In the office chair Geller rolled to a different computer. In five seconds he had a Yellow Pages telephone directory on the screen. “Two Ritzes in the area. One at Tysons Corner. And one in Pentagon City.”
Lukas said, “Parker said he’d stick to the District. I’m voting in Pentagon City.”
She called Jerry Baker and told him about the latest target. “I want every tactical agent in the District and Northern Virginia mobilized. And send skeleton crews to Tysons.” She added, “You’re not going to like it but no hoods and helmets.”
She meant: without Nomex hoods and Kevlar helmets—shorthand in the Bureau for going plainclothes.
“You sure?” Baker asked uncertainly. When officers dress for undercover surveillance they can’t wear as much body armor as in an overt tactical operation. It’s far riskier, especially with a perp armed with an automatic weapon.
“Has to be, Jerry. We’ve almost nailed this guy once and he’s gonna be skittish as a deer. He sees anything out of the ordinary he’s going to bolt. I’ll take responsibility.”
“Okay, Margaret. I’ll get on it.”
She hung up.
She found Len Hardy staring at her. His face suddenly seemed older, tougher. She wondered if he was going to confront her again about his being on a tactical team. But he asked, “You’re running the operation plainclothes?”
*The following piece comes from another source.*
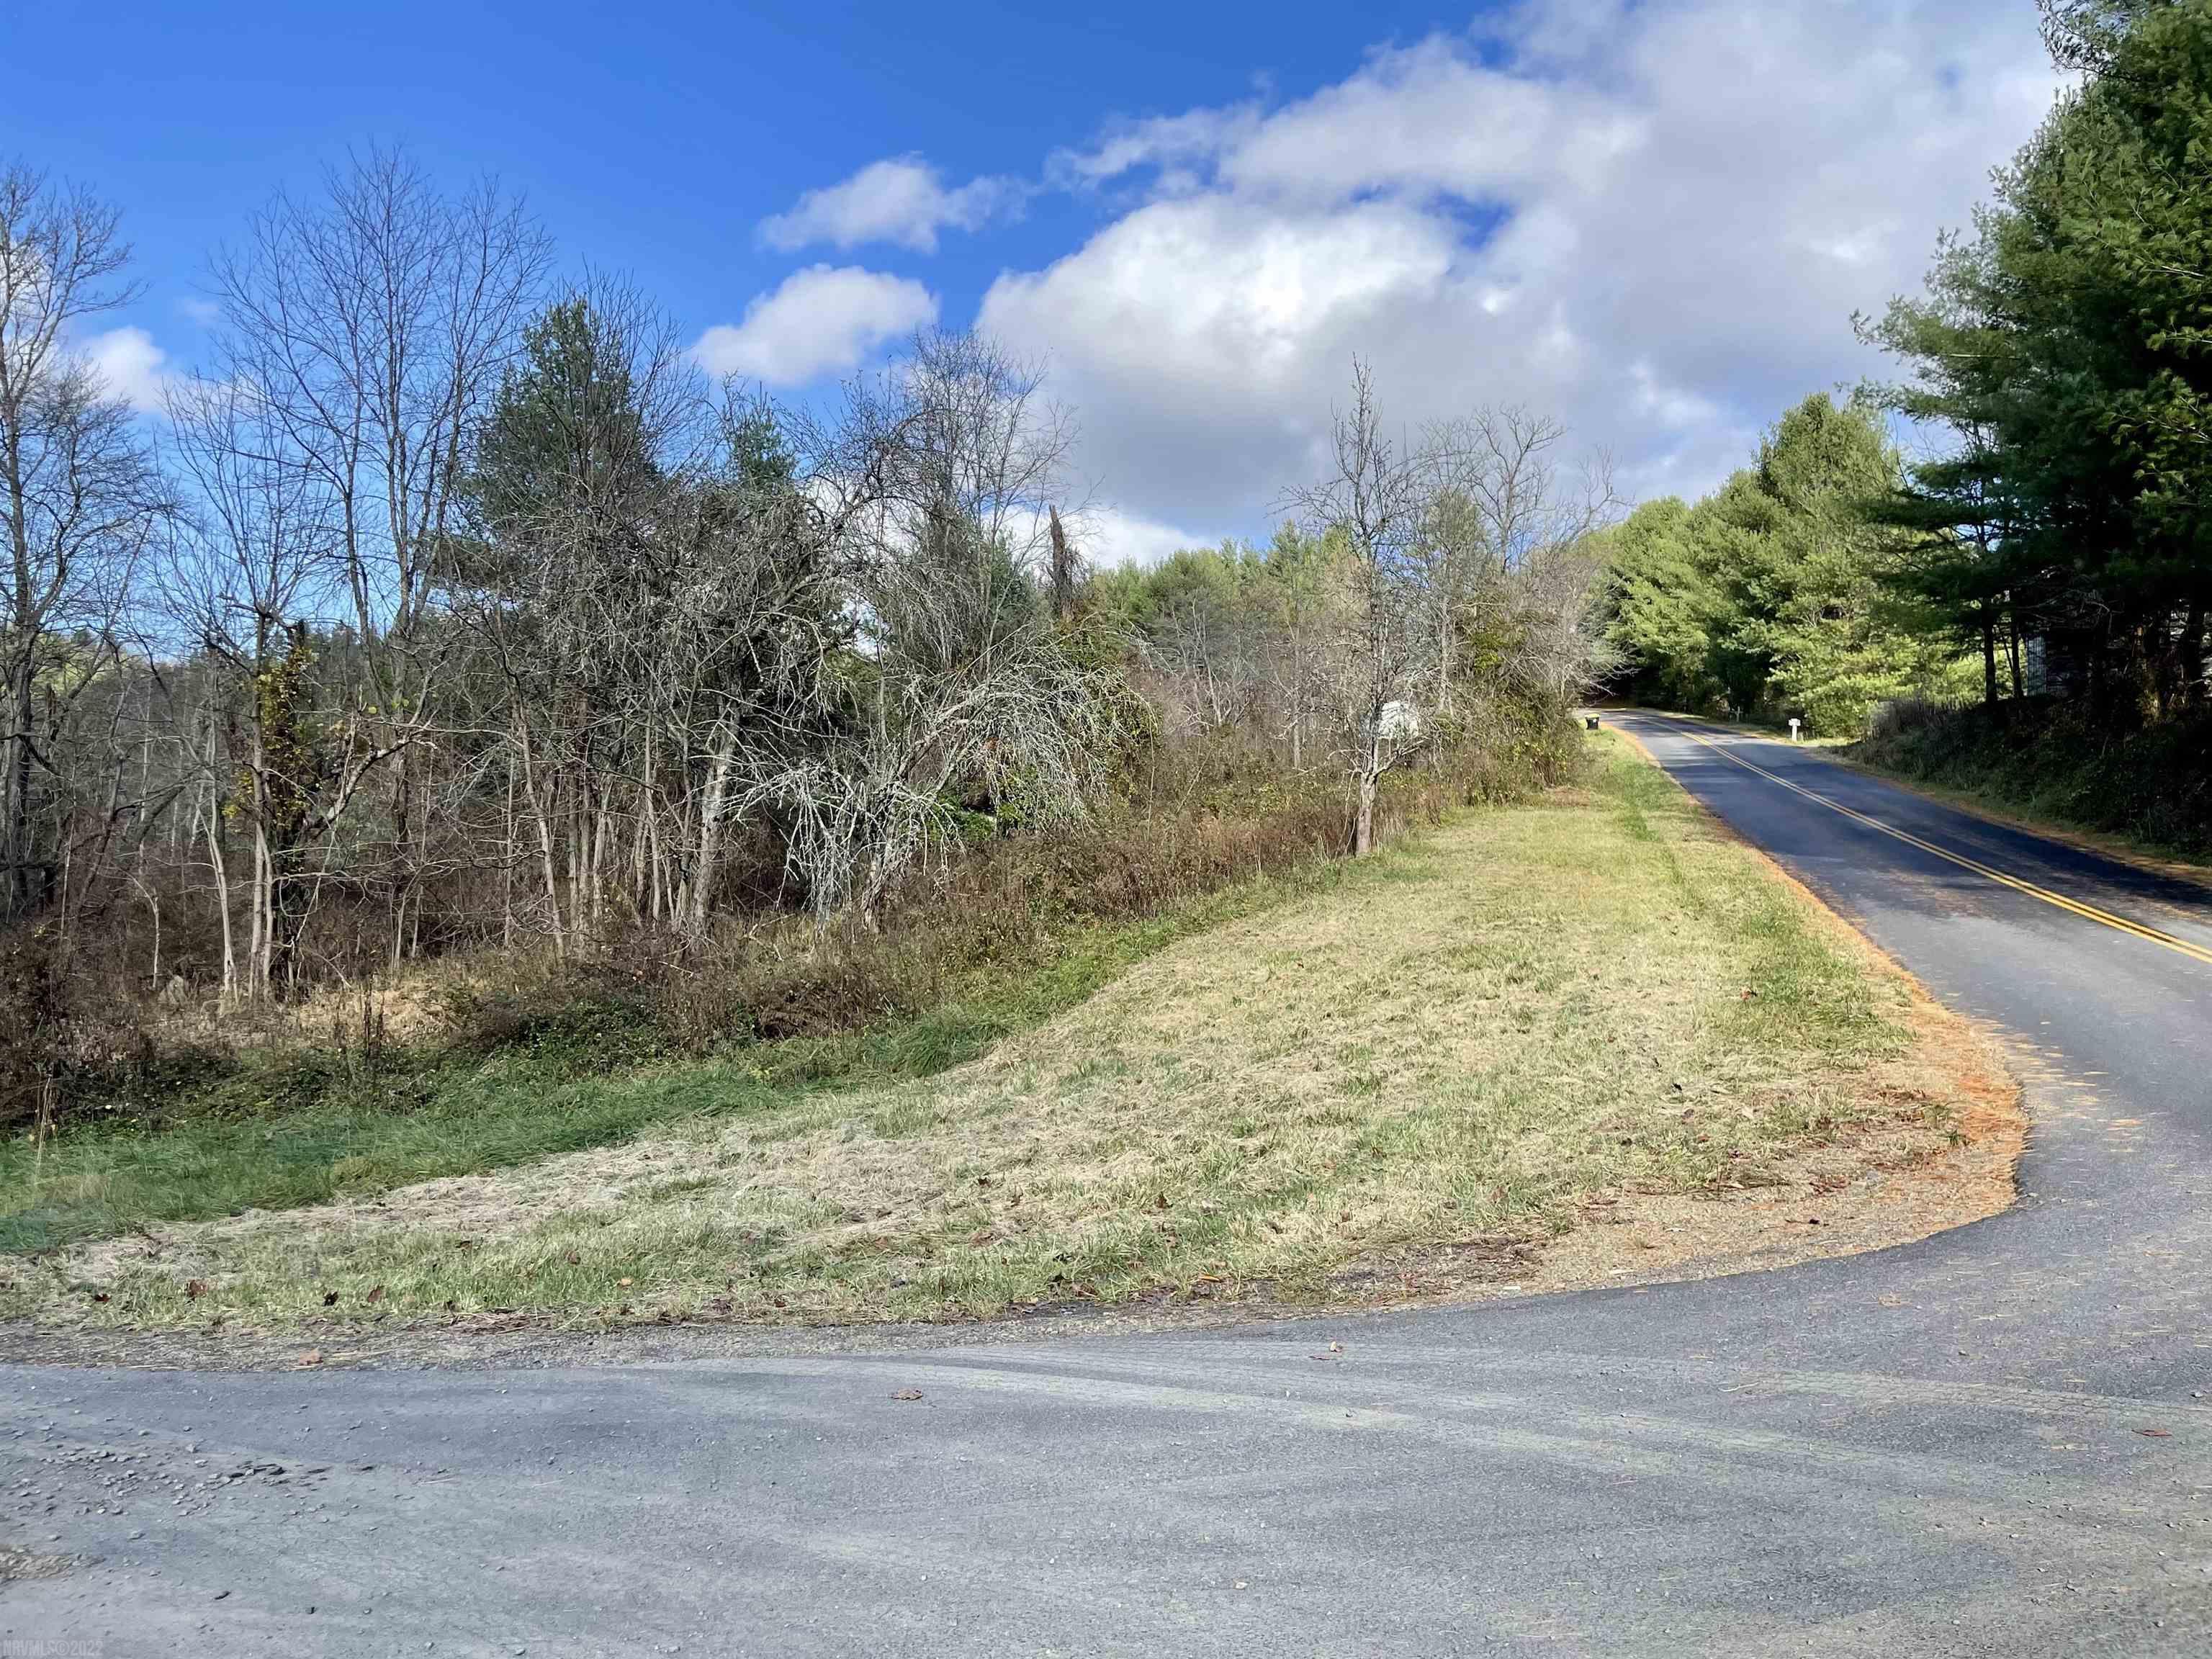 Looking for a site to build your forever home?  This lot, almost 3/4 of an acre, is located outside of Hillsville in Carroll County.  Conveniently located only 12 minutes from I-77 Poplar Camp exit 24 or 20 minutes from I-81 Pulaski/Hillsville exit 89.  The town of Hillsville---lots of dining, outdoor activities, schools, shopping, medical facilities, etc--is located a short 6 miles away.  This property borders Sugar Creek---you'll love hearing the  sound of the bold creek!  Public water is available for hook-up.

“Right. Is there a problem with that, Detective?”
“Does that mean you’re not going to evacuate the hotel?”
“No, I’m not,” she answered.
“But there’ll be a thousand people there tonight.”
Lukas said, “It’s got to be business as usual. The Digger can’t suspect a thing.”
“But if he gets past us . . . I mean, we aren’t even sure what he looks like.”